Electron's U-Turn

Electricity and Magnetism Level pending

Consider an infinitely long wire having a circular cross-section of radius $2m$ . The wire is placed along the $Y$ -axis and a current of $0.12A$ flows uniformly throughout its cross-section along the positive $Y$ direction (The distribution is actually irrelevant). An electron is projected from $(2, 0,0)$ the surface of this long wire with a speed 0f $1000\hat{i} m/s$ .Compute the maximum $x$ -coordinate of the particle while it is in motion. Assume that the motion of the electron is affected only by the magnetic field generated by the wire.
Note: $\hat{i}$ vector is along $x$ direction

$1)$ $\frac{e}{m}=1.758820×10^{11}Ckg^{-1}$
$2)$ $\mu_{0}=4π×10^{-7}NA^{-2}$

The problem is not original.

The answer is 2.534.

2 solutions

Karan Chatrath
May 1, 2020

@Neeraj Anand Badgujar @Steven Chase

Okay, after a lot of struggle, here it is:

Consider a long wire of circular cross-section area of radius 2 placed along the Y-axis.

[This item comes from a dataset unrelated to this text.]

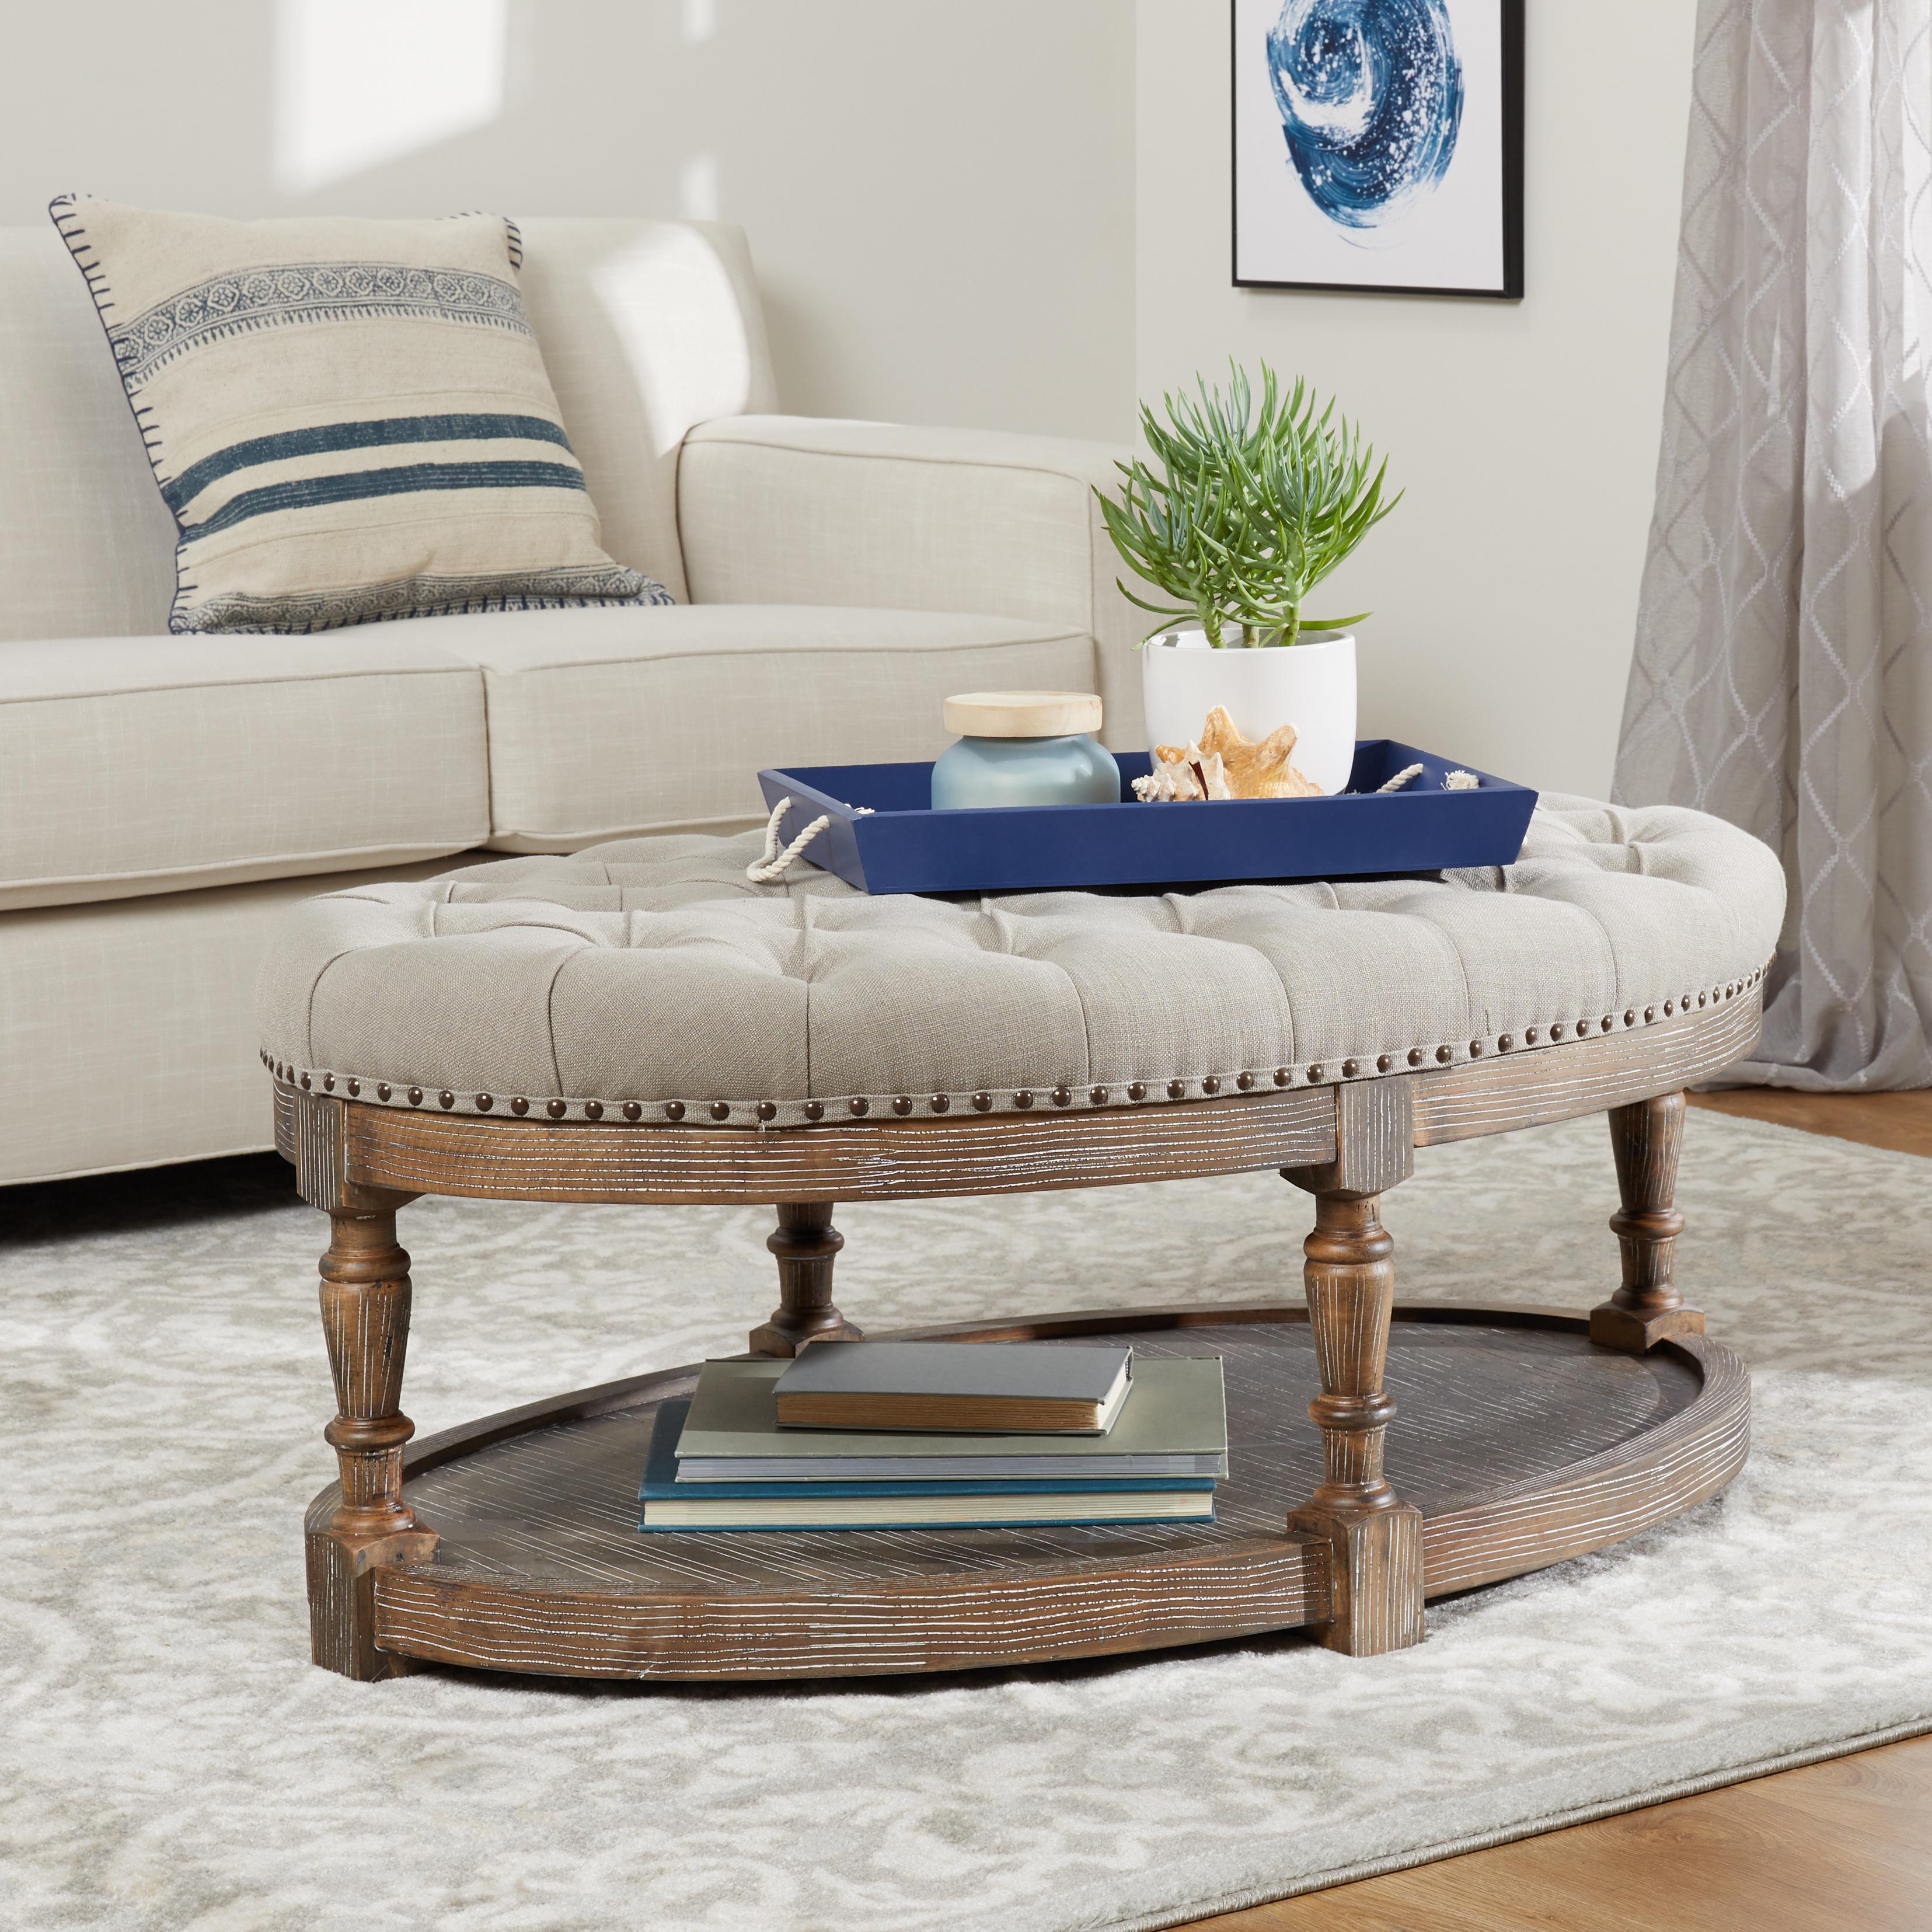 save an extra 10% on Select Living Room Furniture*

The electron is projected from the point $(2,0,0$ with an initial velocity of $\vec{v}_o=v_o \hat{i}=1000 \hat{i}$ . The current flowing through the wire is along the positive Y direction.

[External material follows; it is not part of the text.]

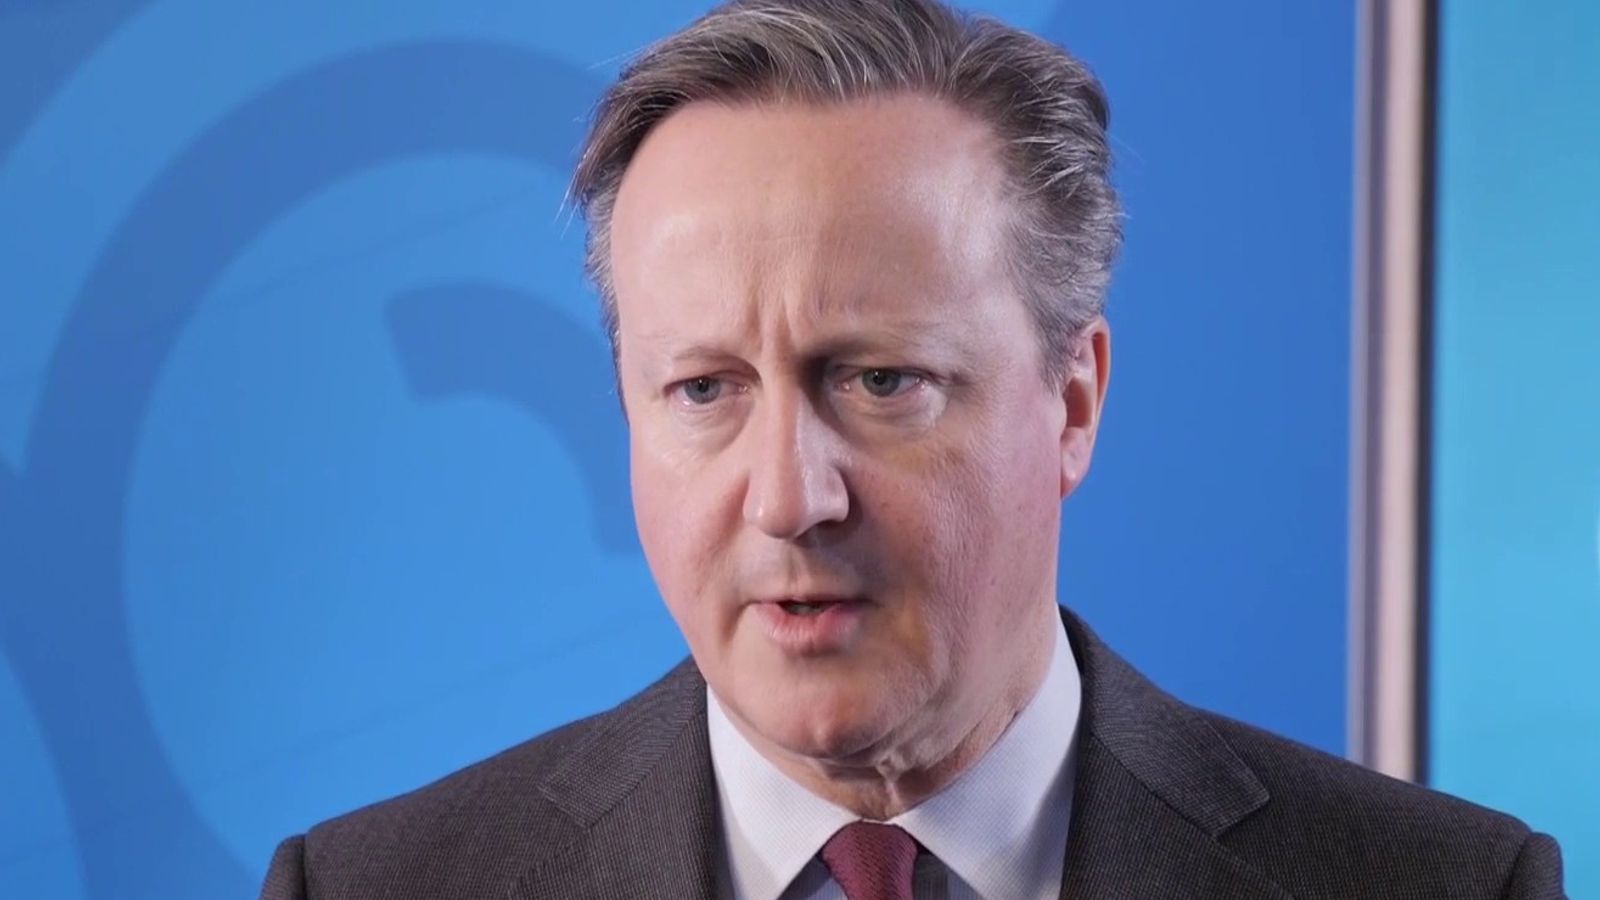 Lord Cameron says Russia 'outmatched' by Ukraine's allies who must 'make difference count'

The magnetic field at any general point in space is:

$\vec{B} = -\frac{\mu_o I}{2 \pi x} \hat{k}$

At any general instant of time, let the velocity of the particle be:

$\vec{V} = v_x \hat{i} + v_y \hat{j}$

Applying Newton's second law:

$m\vec{a} = -e\left(\vec{V} \times \vec{B}\right)$

Simplifying gives:

$\ddot{x} = \left(\frac{\mu_o Ie}{2 \pi m}\right) \frac{\dot{y}}{x}$ $\ddot{y} = -\left(\frac{\mu_o Ie}{2 \pi m}\right) \frac{\dot{x}}{x}$

Let:

$A = \frac{\mu_o Ie}{2 \pi m}$

This gives:

$\frac{dv_x}{dt} = \frac{Av_y}{x}$ $\frac{dv_y}{dt} = -\frac{Av_x}{x}$

Diving both equations above gives:

$\frac{dv_x}{dv_y} = -\frac{v_y}{v_x}$ $\implies v_x \ dv_x = -v_y \ dv_y$

Integrating and applying initial conditions gives:

$v_x^2 + v_y^2 = v_o^2$

This means that the speed of the particle is constant. Initially $v_y=0$ and we need to find the x-coordinate of the particle when $v_x$ becomes zero, as that would indicate a 'turning point'.

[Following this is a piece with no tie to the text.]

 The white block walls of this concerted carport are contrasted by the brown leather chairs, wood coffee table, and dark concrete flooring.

Using this intuition in the following equation:

$\frac{dv_y}{dt} = -\frac{Av_x}{x} = -\frac{A}{x}\frac{dx}{dt}$ $\implies dv_y = -\frac{A \ dx}{x}$

Recognising that as x increases, the y-coordinate decreases. To ensure this, an additional negative sign is introduced above which transforms the ODE to:

$dv_y = -\frac{A \ dx}{x}$

Integrating:

$\int_{0}^{-v_o}dv_y = A \int_{2}^{x_o} \frac{dx}{x}$

$\implies \frac{v_o}{A} = \ln\left(\frac{x_o}{2}\right)$

$\implies \boxed{x_o = 2 \mathrm{e}^{v_o/A}}$

I have reservations about the problem statement which I considered to be very misleading. This took me down a path where I unnecessarily over-complicated the problem.

The statement: 'From the surface of a round wire of radius 2m...' made me imagine that the wire is actually bent into the shape of a circular ring and that the wire has a negligible cross-section area. This confused me. I do not like poorly worded problems. Now I realise that others may find it easy to understand, but I am not one of those others, unfortunately. I require a great deal of clarity in statements.

I propose the following problem statement.

'Consider an infinitely long wire having a circular cross-section of radius 2. The wire is placed along the Y-axis and a current of $0.12 \ A$ flows uniformly throughout its cross-section along the positive Y direction (The distribution is actually irrelevant). An electron is projected from the surface of this long wire with a speed 0f 1000 m/s and its direction of projection is radially outward. Compute the maximum x-coordinate of the particle while it is in motion. Assume that the motion of the electron is affected only by the magnetic field generated by the wire.'

It would also help if you supplemented your problem statements with diagrams. I humbly re-iterate that you need to work on making your problem statements clearer. It may be clear to others but not for me. Thank you for understanding. I say this because I enjoy solving your problems and I wish to continue doing so.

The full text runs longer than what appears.